# OBS and clapton coils.



## Nick (19/1/17)

Morning guys, I bought a OBS a while back, love the tank for no other reason than it will not leak and is easy to build, when I bought the OBS I got two Clapton coils with it, I use a joytech evic Vtwo mini 75w as my everyday, I vape at around 20 watts .3/.4 ohms and I get everything I need from the vape and the battery last around 8 hours before a recharge, the thing is the claptons are sitting there screaming use me... not sure what the build of the claptons is but want to know what wattage I would need to fire these things up they look huge, and is the Evic up to the job..


----------



## Kalashnikov (19/1/17)

definetly not bud. Those coils need 60Watts plus. They are excellent coils tho. Save them for when you get a dual battery mod


----------



## Nick (19/1/17)

Kalashnikov said:


> definetly not bud. Those coils need 60Watts plus. They are excellent coils tho. Save them for when you get a dual battery mod


Thanks Kalashnikov, not a fan of huge Mods unfortunately , so supplementary question, what's a good mini size dual battery Mod, and can I build small Clapton coils.


----------



## Keith Milton (19/1/17)

A good Dual battery mod is the Sigeli 213 Fuschai and yes you can build Claptons depending on the size of wire available.


----------



## Nick (19/1/17)

Keith Milton said:


> A good Dual battery mod is the Sigeli 213 Fuschai and yes you can build Claptons depending on the size of wire available.
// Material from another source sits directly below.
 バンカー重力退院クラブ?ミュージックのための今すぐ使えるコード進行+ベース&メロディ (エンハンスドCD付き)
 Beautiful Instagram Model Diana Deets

 Hi Clapton's for the Evic I mean, (just to confirm)


----------



## Keith Milton (20/1/17)

Yes the 213 will run the Clapton's comfortably and still give the power you need.


----------



## Mahir (20/1/17)

Since you like the Evic, there is a dual 18650 Evic mod with an option to use 1 or 2 18650 batts. Also, Joyetech just released a new Evic called the Primo if I'm not mistaken. Looks awesome that mod. Dual battery, 200w, accommodates 25mm attys and has a leather finish.

Reactions: Like 1


----------